This week was the start of my proper teaching at Stockholm. Even if I have given three research seminars and one lecture in the ‘Humans and metals’ course, my main responsibility is to be one of the teachers in the Volterra field school. This means three lectures on GIS and digital recording methods, two demonstrations and practicals, one lecture on Etruscan religion and burial customs and two weeks in Volterra supervising group exercises and practicals. I do all this in Swedish, even if we will build the database in English, since it will be available to the commune and the Superintendency in Tuscany.
The main problem has been looking for the Swedish words for all those concepts I have always discuss and taught in English. Very often the Swedish use the English words as well in computing connections, but one has to prepare lectures with proper terminology. Luckily, the Landsmäteri and many universities had enough content, so I could find the terms but also some illustrations in Swedish. However, to add to my linguistic confusion, our ArcGIS version is in English, so after more theoretical content, I gave a demonstration that was peppered with comments such as ‘Add layer’ and ‘Display units’. Naturally, all Italian map layers available thanks to the INSPIRE directive have their downloading interfaces, names and information in Italian. Hopefully, this will make clear the rule 1 in Italian archaeology: "you really need to read and speak Italian".

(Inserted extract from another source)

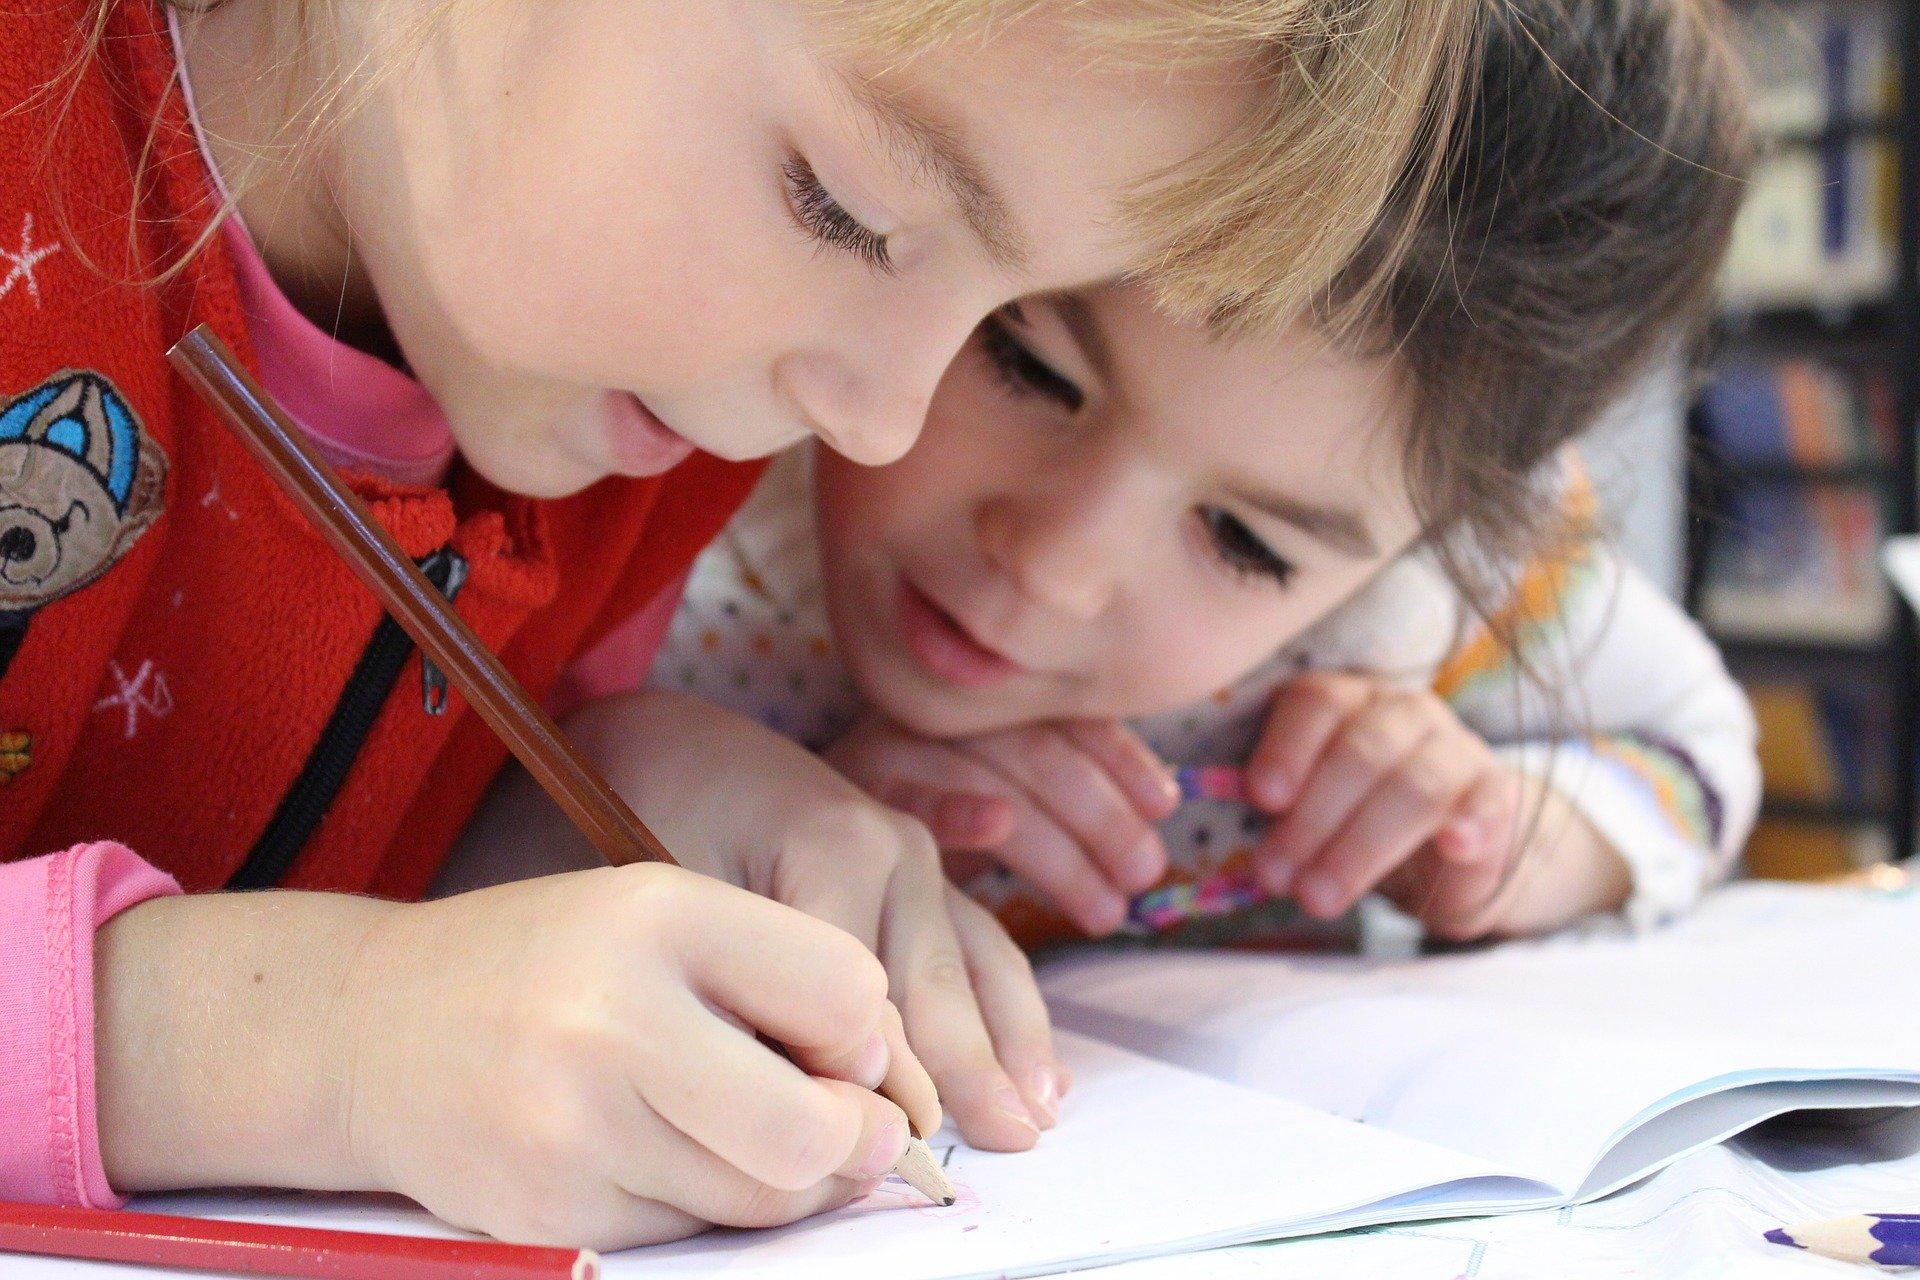 zwei Kinder schreiben in ein Heft

I have now also ventured to photogrammetry and will be building models together with students. Sadly, laser scanning will be carried out another year, since ‘grant hunting’ has not been too successful and to be honest, there is only so much I can do as one person; I am already sorting out geographic reference system and physically getting the GPS equipment from Pisa to Volterra. It will be nice to wait for last year’s ‘laserscanner’ to return to continue his work. I am quite happy to concentrate to plan a town GIS and do photogrammetry of objects and buildings.
The teaching was a pleasant experience, although it became clear that the content in the end is easily divided into two blocks (lectures on GIS, a demonstration on ArcGIS and an exercise dealing with a database table for archaeological monuments on one hand and the digital recording and the demonstration of the Agisoft Photoscan Professional on the other), so they should in the future be split between two days in order to guarantee that people learn the basics properly. Having ‘lighter cultural content’ in the afternoon, i.e., beautiful landscapes and objects from Etruria, will make the experience smoother. In this way, people will be able to absorb the technical content better.